Remember what I said about Facebook becoming more like television and hurtling towards digital streaming video? Quality content can still be homegrown and authentic, and prevail.
Pro Tip: To achieve that professional level, use quality lighting and audio, an attractive and distraction-free background, and as always, engaging content.
Quick indicators of engagement to look for include users signing up for notifications, quickly joining the Live broadcast when they see the notification, and participating via reactions and comments.
#8: Play to Proven Video Content Categories
It can be easier to craft and storyboard videos when you approach the content in various “buckets.” Following are some ideas for creating attention-drawing content:
- Educational, like National Geographic and the History Channel
- Inspirational, a list of 25 inspirational Facebook pages
- Informative, such as trustworthy news sources
- Entertaining, like comedians, funny celebs, and people like JP Sears!
- Science-based how-to, like my friend Steve Spangler
- Livecams, great examples include the baby eagle eggs hatching or baby giraffe being born
#9: Tell Engaging Stories
Bring out the human or personal element of your business. Tell stories, spotlight customers, go “out on the street,” and share behind the scenes. The more you come across to your audience as a person instead of a company, they’ll connect with you more easily, become engaged, and be more likely to buy.
#10: Include and Involve Your Audience in Broadcasts
Facebook is also rolling out new features for Live video including broadcasting from desktop, two-person side-by-side (mobile only for now), and the ability to bring individual viewers on live with you.
I recently got whitelisted for this feature and have had a blast taking it for a test run on both portrait (picture-in-picture like FaceTime) and landscape (side-by-side).

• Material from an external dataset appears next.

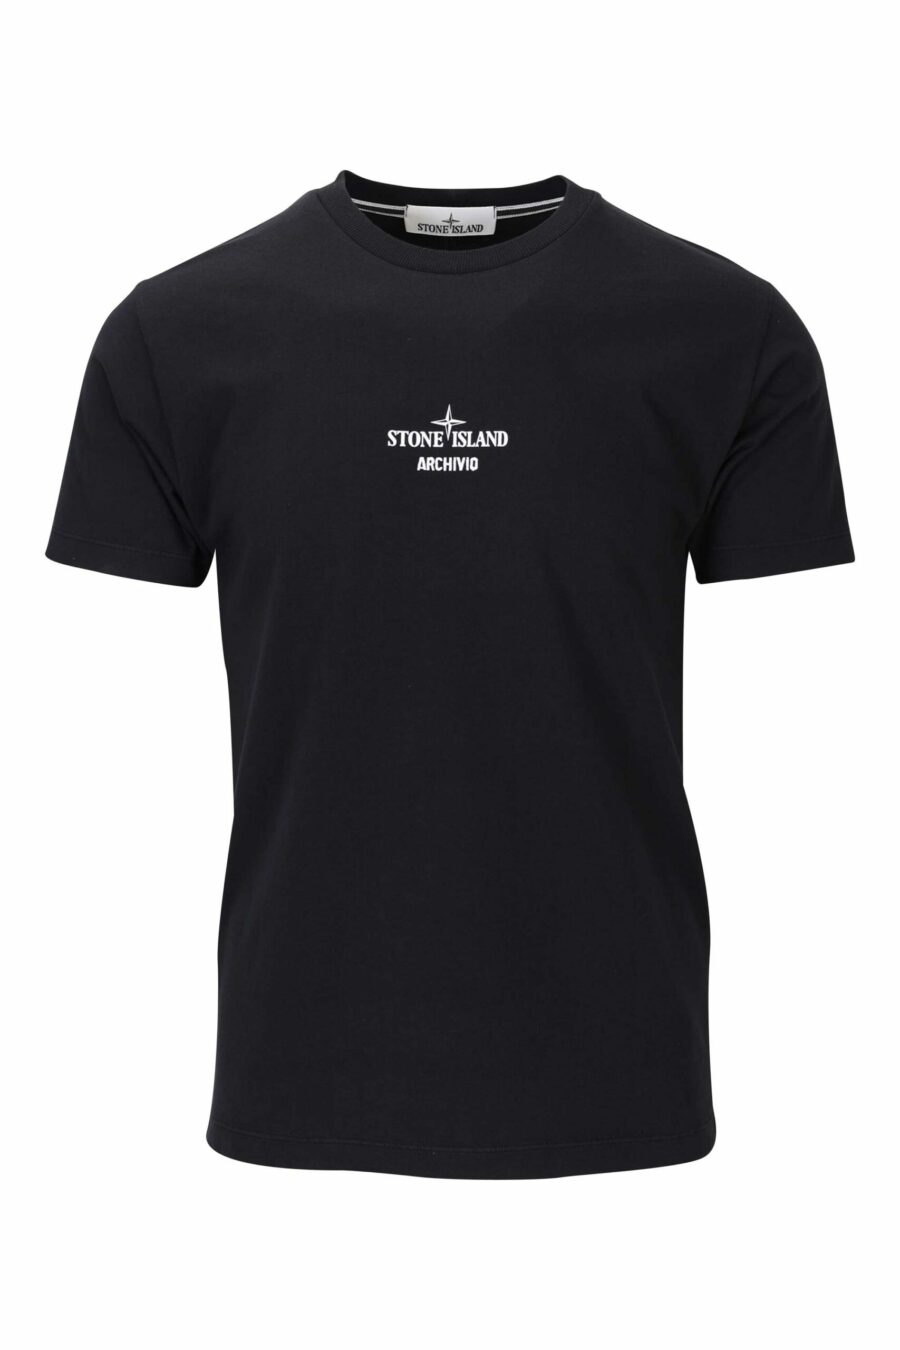 Camiseta negra con logo centrado y estampado detrás - 8052572755927 scaled

#11: Choose the Right Person to Appear in the Video
Who in your company or on your team has a great personality for the camera? Ask for input. You may be pleasantly surprised to find you have a total rockstar “TV-personality” waiting to be born. Having someone represent your business who’s excellent on camera, engaging, and natural can make all the difference to your video success. That person can become a familiar recurring “character” in stories about your company.
#12: Schedule or Announce Your Live Video to Build an Audience Before You Go Live
Map out a plan for videos and Facebook Live that’s tied to your business goals, and use the scheduling feature to build an audience ahead of time for your Live broadcasts. Scheduling works with third-party tools as you need to grab the stream key. Hopefully, as Live for desktop evolves, Facebook will sooner or later bring the scheduling ability to native Live and not just via third parties.
Meanwhile, one of the easiest tools I’ve found to schedule and broadcast Facebook Live on desktop is BeLive.tv. With just a couple of quick clicks, your Live video is scheduled with the description posted to your page (or whatever destination you choose; e.g., profile, page, group). Then to actually do your Live, it’s just another quick click and voila. No messing with stream keys.
#13: Consider Influencer Videos
You might approach thought leaders and influencers within your industry or a related industry and see if they would be willing to broadcast Facebook Live videos and/or record video content for you. If they have the Branded Content feature on Facebook, they’ll need to use that. It’s a wonderful win-win way to leverage reach and engagement to a wider audience.
#14: Use Follow-Up Q&As to Amplify Your Reach
Be sure to follow up on your videos and engage viewers by answering questions.
For example, when I do a Facebook Live Q&A broadcast, even though I’ve already answered most questions in the comments on the live broadcast, my team and I go back and write replies to as many questions as possible in the comments before I promote the post. That extra step allows new viewers who may not watch much of the video to simply skim the comments and read the questions with answers.